Aorto-mesenteric re-vascularisation could be achieved either by an antegrade or a retrograde approach8,9. Antegrade approach requires dissection of the supra celiac aorta for inflow and a retropancreatic tunnel for the distal landing whereas the simpler retrograde approach is from infrarenal aorta or the iliac vessels to the proximal SMA. The proponents of the antegrade approach contend that the approach has had lesser re-intervention as placement is more physiological in contrast to the ‘C’ loop of the graft required in the retrograde approach which increases the risk of kinking whereas those supporting the retrograde approach argue that the clamping of the iliac or the infra renal aorta leads to less hemodynamic stress than supra celiac aorta in a patient who has a poor physiological reserve. Moreover the dissection to expose the infrarenal aorta is simple and less time consuming. There is recent evidence to suggest that retrograde approach is equivalent to antegrade approach and is preferred by some groups over the antegrade8. Another debate is the whether the anastomosis is done to two vessels or a single vessel. The traditional point of view has been that when a second anastomosis is possible without any added morbidity to the patient, it should be added. However, recent reports have showed equivalent results with just a single anastomosis9.

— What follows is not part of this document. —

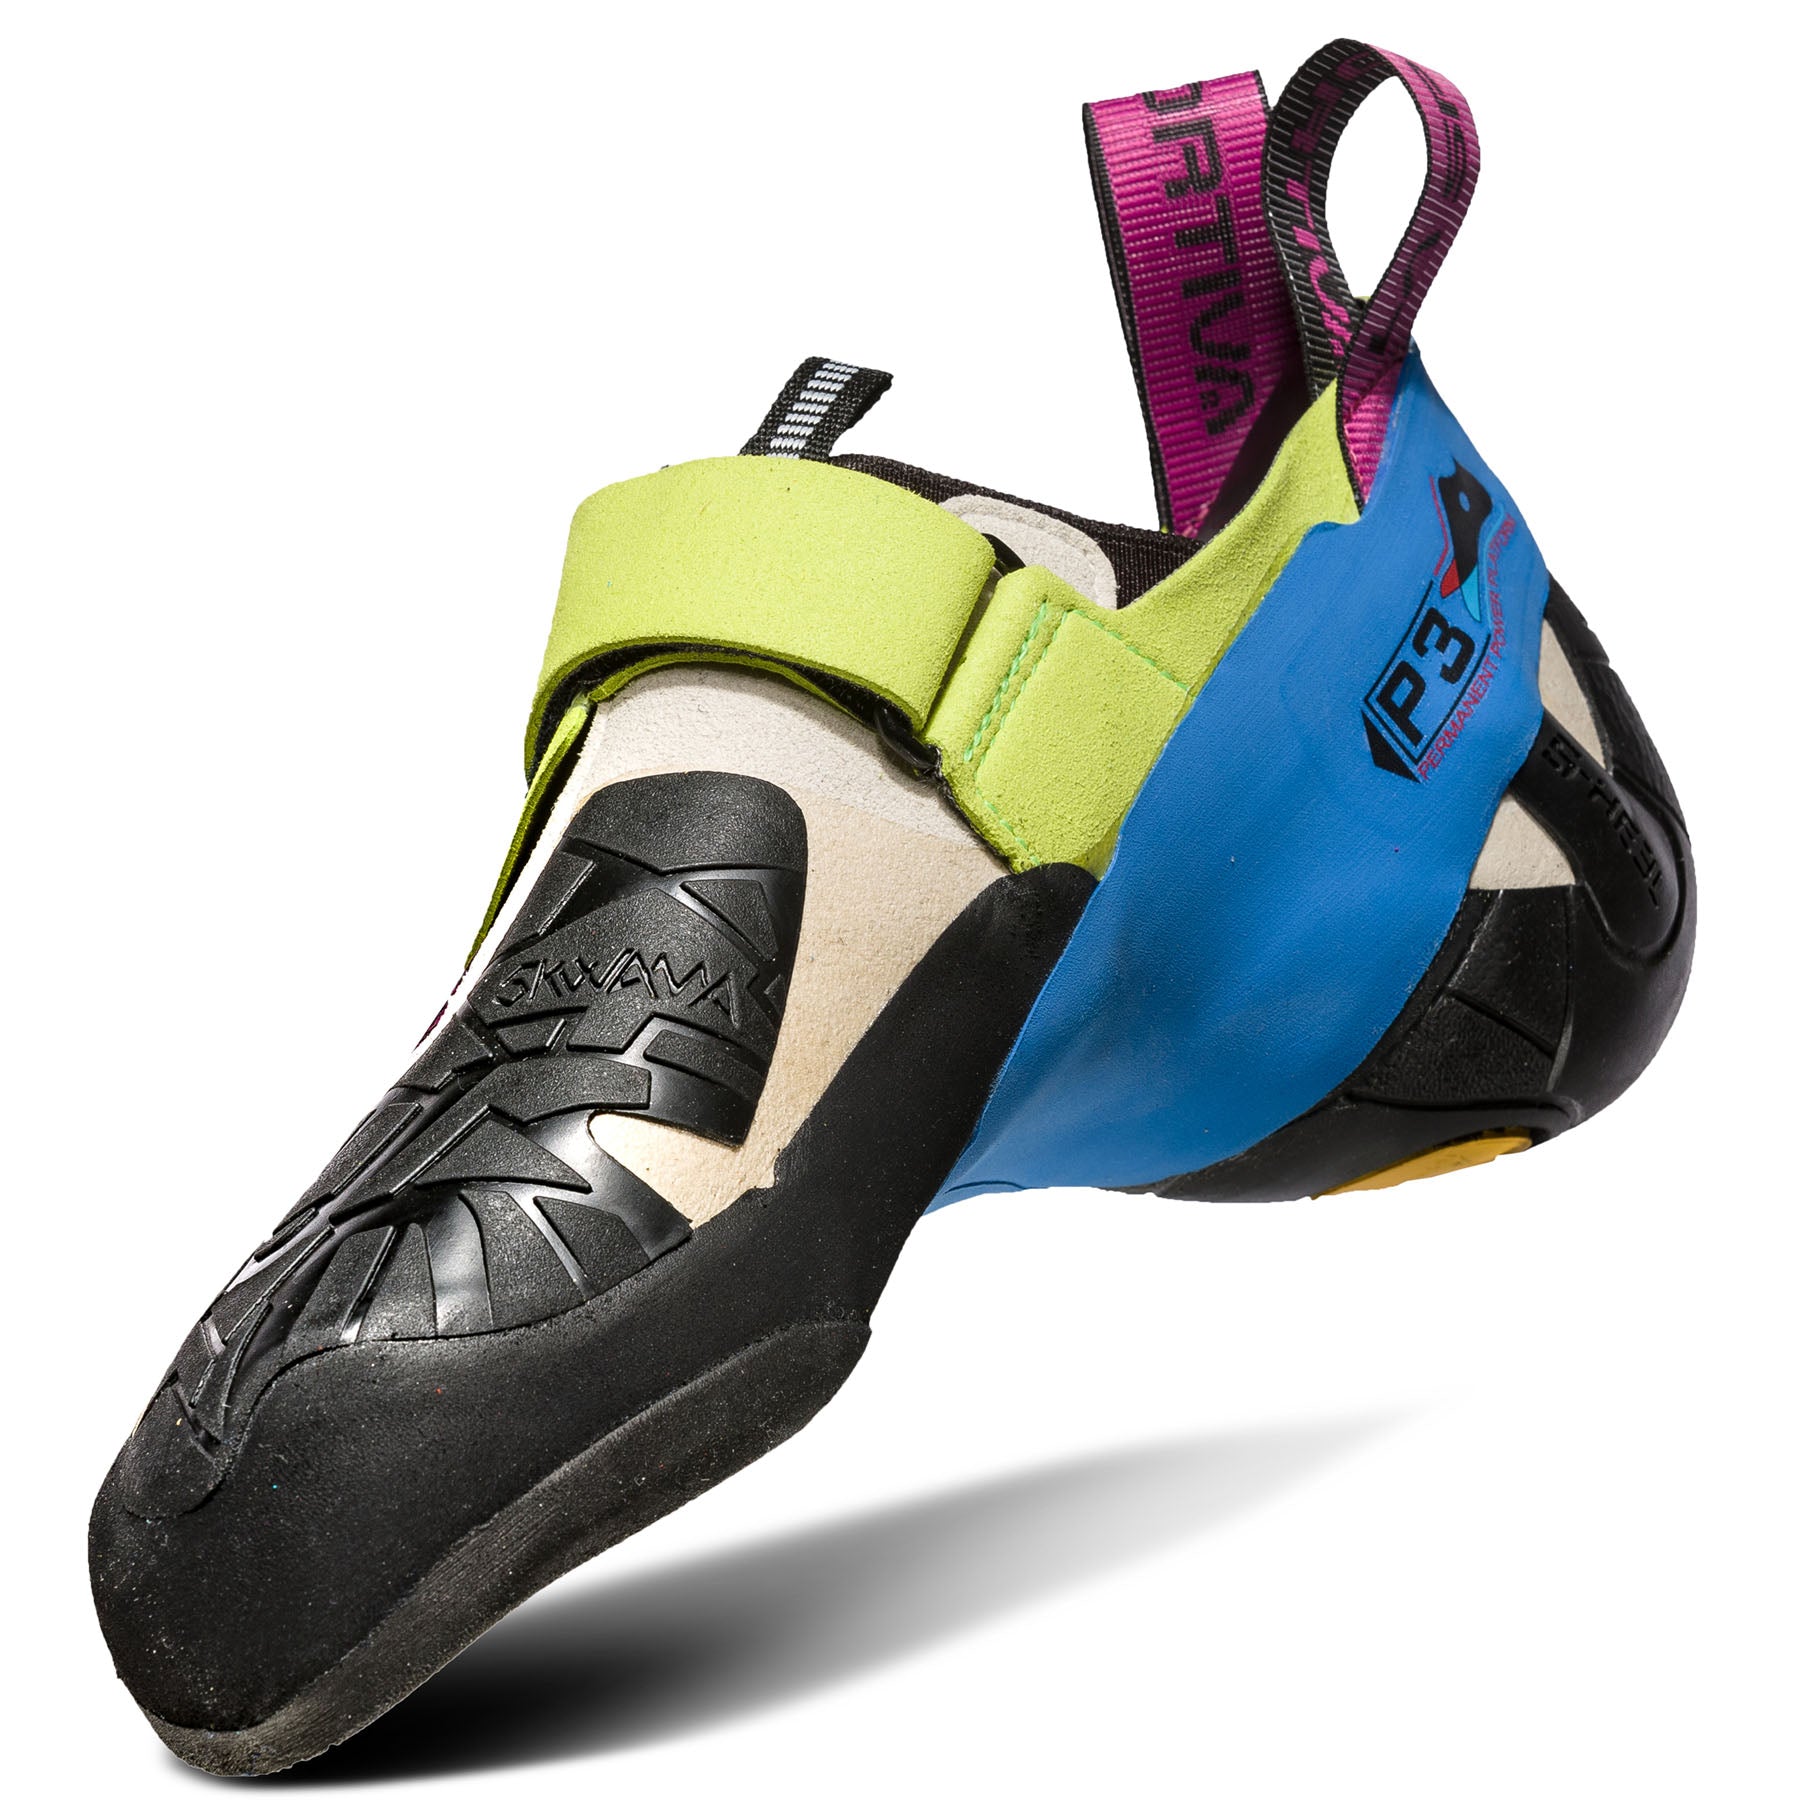 la sportiva womens' skwama climbing shoe, inside side view

Technical success rate is close to 100% with clinical improvement in over 90%. Long term freedom from recurrence and re-intervention is close to 90%.9-11
In summary, surgery has an important role to play in the management of CMI despite the advances in the endovascular interventions. Surgical interventions are first line in cases with extensive disease, patients with contrast allergy, lack of access, and subsequent to failed endovascular interventions. We could successfully manage our patient with a retrograde aorta - SMA bypass graft.

References
  1. Zeller T, Macharzina R. Management of chronic atherosclerotic mesenteric ischemia. Vasa. 2011;40:99–107.
  2. Oderich GS, Bower TC, Sullivan TM, et al Open versus endovascular revascularization for chronic mesenteric ischemia: risk-stratified outcomes. J Vasc Surg. 2009;49:1472-1479.e3.
  3. Park WM, Gloviczki P, Cherry KJ, et al. Contemporary management of acute mesenteric ischemia: Factors associated with survival. J Vasc Surg. 2002;35:445–52.
  4. Brown DJ, Schermerhorn ML, Powell RJ, et al. Mesenteric stenting for chronic mesenteric ischemia. J Vasc Surg. 2005;42:268–74.
  5. Andraska E, Haga L, Li X, et al. Retrograde open mesenteric stenting should be considered as the initial approach to acute mesenteric ischemia. J Vasc Surg. 2020;72:1260–8.
  6. Maitrias P, Reix T. Unusual mesenteric revascularization. J Vasc Surg. 2018;67:319.
  7. Murakami Y, Toya N, Fukushima S, et al. Ascending aorta-common hepatic artery bypass for mesenteric revascularization. Int J Surg Case Rep. 2017;32:51–3.
  8. Huerta CT, Orr NT, Tyagi SC, et al. Direct Retrograde Bypass is Preferable to Antegrade Bypass for Open Mesenteric Revascularization. Ann Vasc Surg. 2020;66:263–71.
  9. Flis V, Mrdža B, Štirn B, et al. Revascularization of the superior mesenteric artery alone for treatment of chronic mesenteric ischemia. Wien KlinWochenschr. 2016;128:109–13.
  10. Cunningham CG, Reilly LM, Rapp JH, et al. Chronic visceral ischemia. Three decades of progress. Ann Surg. 1991;214:276–87.
  11. Jimenez JG, Huber TS, Ozaki CK, et al. Durability of antegrade synthetic aortomesenteric bypass for chronic mesenteric ischemia. J Vasc Surg. 2002;35:1078–84.